We begin from the simple accounting identity relating the profit rate r(t) to the net operating surplus s(t) and the net capital stock k(t) scaled by revenue (or GDP):
(1) r(t) = s(t) / k(t) → ln r(t) = ln s(t) − ln k(t)
The net capital stock k(t) is measured at mid-year (Z(t) = ½ [K(t) + K(t – 1)], where K(t) is the end-of-year capital stock). The index (t) denotes the time period (quarter or annual data). This log-linear identity provides the starting point for tractable econometric specifications.
1. Baseline ARDL(1,0,0) Specification
A minimal autoregressive distributed lag representation consistent with the profit rate identity is:
(2) ln r(t) = a + ρ ln r(t−1) + b ln s(t) + c ln k(t) + u(t),
where u(t) is the random error with mean zero and finite variance..

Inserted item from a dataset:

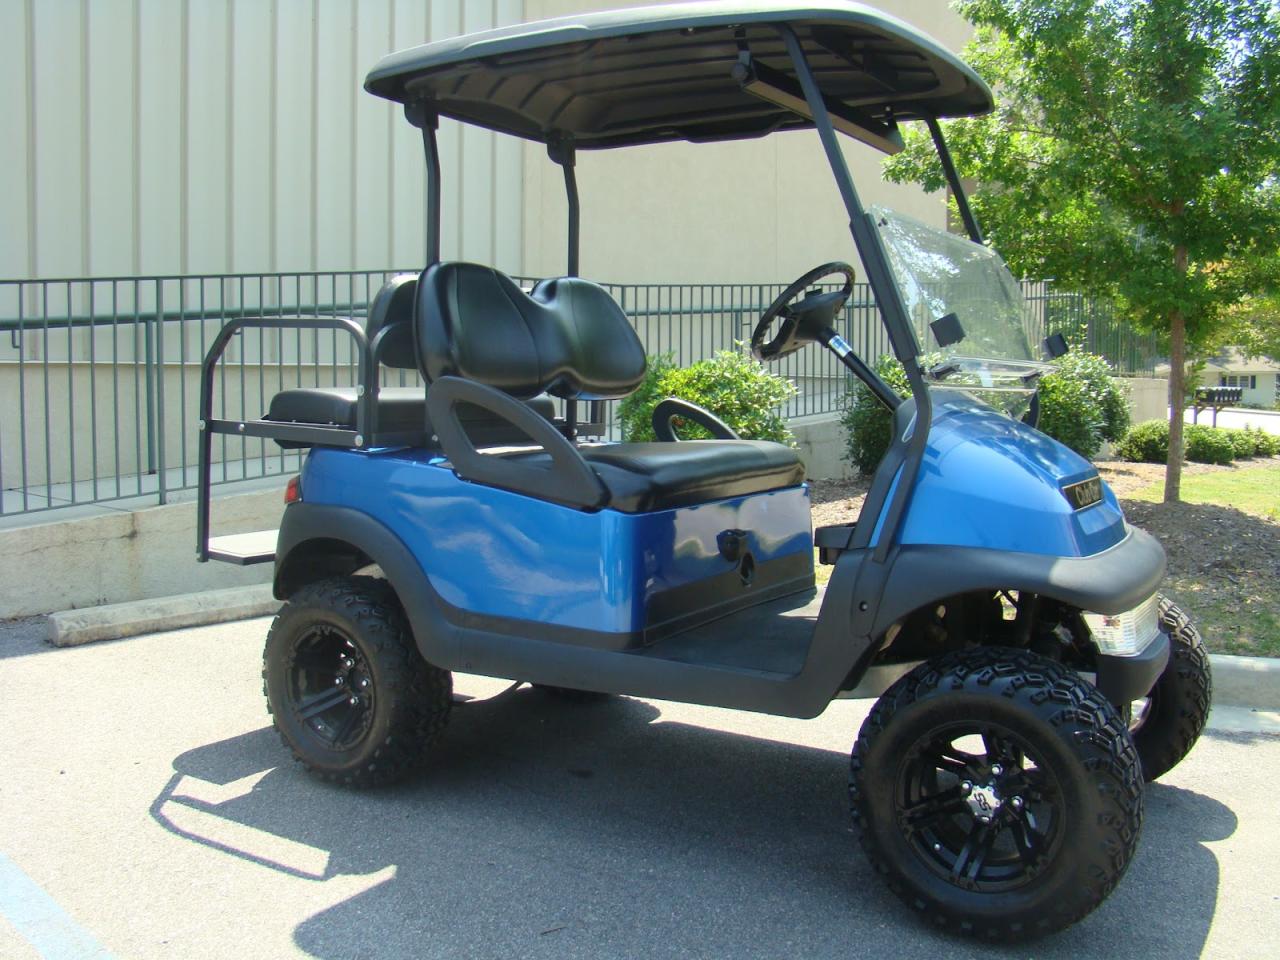 Used Golf Carts for Sale by Owner in Perkins, South Dakota: Find Your Perfect Ride Today!

This regression form (2) involves four scalar parameters (a, ρ, b, c), and is a direct application of the ARDL(1,0,0) structure discussed in Pesaran & Shin (1999, eq. 2.2) and in Asteriou & Hall (2016, Chapter 17). ARDL denotes the autoregressive distributed lag model.
2. Long-Run Multipliers
From the ARDL(1,0,0), the implied long-run multipliers are the indirect least squares (ILS) of the regression:
(3) ln r(t) = α + β ln s(t) + γ ln k(t) + v(t),
where α = a / (1 − ρ) is the reduced-form intercept. The partial slope coefficients are β = b / (1 − ρ) and γ = c / (1 − ρ). The transformed residual error is v(t).
These indirect least-squares coefficients are the parameters of ln s(t) and ln k(t) in the long-run equilibrium condition in which ln r(t) = ln r(t−1). Under the profit rate identity, the null hypothesis is H0: β = 1, γ = −1. This parallels the bounds-testing approach of Pesaran, Shin & Smith (2001, Section 3).
3. Equivalent ECM Form
Reparameterizing, we obtain the equivalent error-correction model (ECM):
(4) Δ ln r(t) = a0 + π [ ln r(t−1) − β ln s(t−1) + γ ln k(t−1) ] + λs Δ ln s(t) + λk Δ ln k(t) + u(t).
The bracketed expression multiplied by pi is the equilibrium condition, or error correction elements (ECM). Here π = ρ − 1 is the speed of adjustment, expected to be negative if deviations from the long-run relationship are corrected over time. This representation (4) is emphasized in Asteriou & Hall (2016, Chapter 17) as a direct reparameterization of the ARDL model.
4. Practical Implementation
The ARDL(1,0,0) model can be estimated using Python’s Statsmodels (tsa.ardl). The researcher estimates (a, ρ, b, c), then computes the long-run multipliers (β, γ) and the error-correction coefficient (π). The beta and gamma (β, γ) multipliers can also be estimated with the regression equation (3), without apparent dynamics.
Diagnostics (residual autocorrelation, stability tests) guide whether higher-order lags are necessary (ARDL(1,1,1), for example). Like model (3), model (4) can be estimated by ordinary least squares (OLS) with Newey-West corrected errors.
5. Conclusion
By tying the simple profit rate identity r(t) = s(t)/k(t) to an ARDL(1,0,0) framework, we gain an empirically tractable model with interpretable long-run coefficients. This provides a rigorous yet simple bridge between accounting identities and econometric dynamics. In principle, the ARDL model applies to any profit indicator defined as a ratio (such as return on assets, profit margin, or profit markup) in transfer pricing.
References
Asteriou, D., & Hall, G. (2016). Applied Econometrics, 3rd Edition. Palgrave Macmillan. See Chapter 17 for the reparameterization of ARDL into ECM.
Kmenta, J. (1986). Elements of Econometrics, 2nd Edition. Macmillan. See Section 14.5 on distributed lag models.
Maddala, G. S. (1992). Introduction to Econometrics, 2nd Edition. Macmillan. See Chapter 16 on dynamic models.
Pesaran, M. H., & Shin, Y. (1999). “An Autoregressive Distributed-Lag Modelling Approach to Cointegration Analysis,” in S. Strom (ed.), Econometrics and Economic Theory in the 20th Century. Cambridge University Press. See equation (2.2).
Pesaran, M. H., Shin, Y., & Smith, R. J. (2001). “Bounds Testing Approaches to the Analysis of Level Relationships,” Journal of Applied Econometrics, 16(3): 289–326. See Section 3 on the bounds test.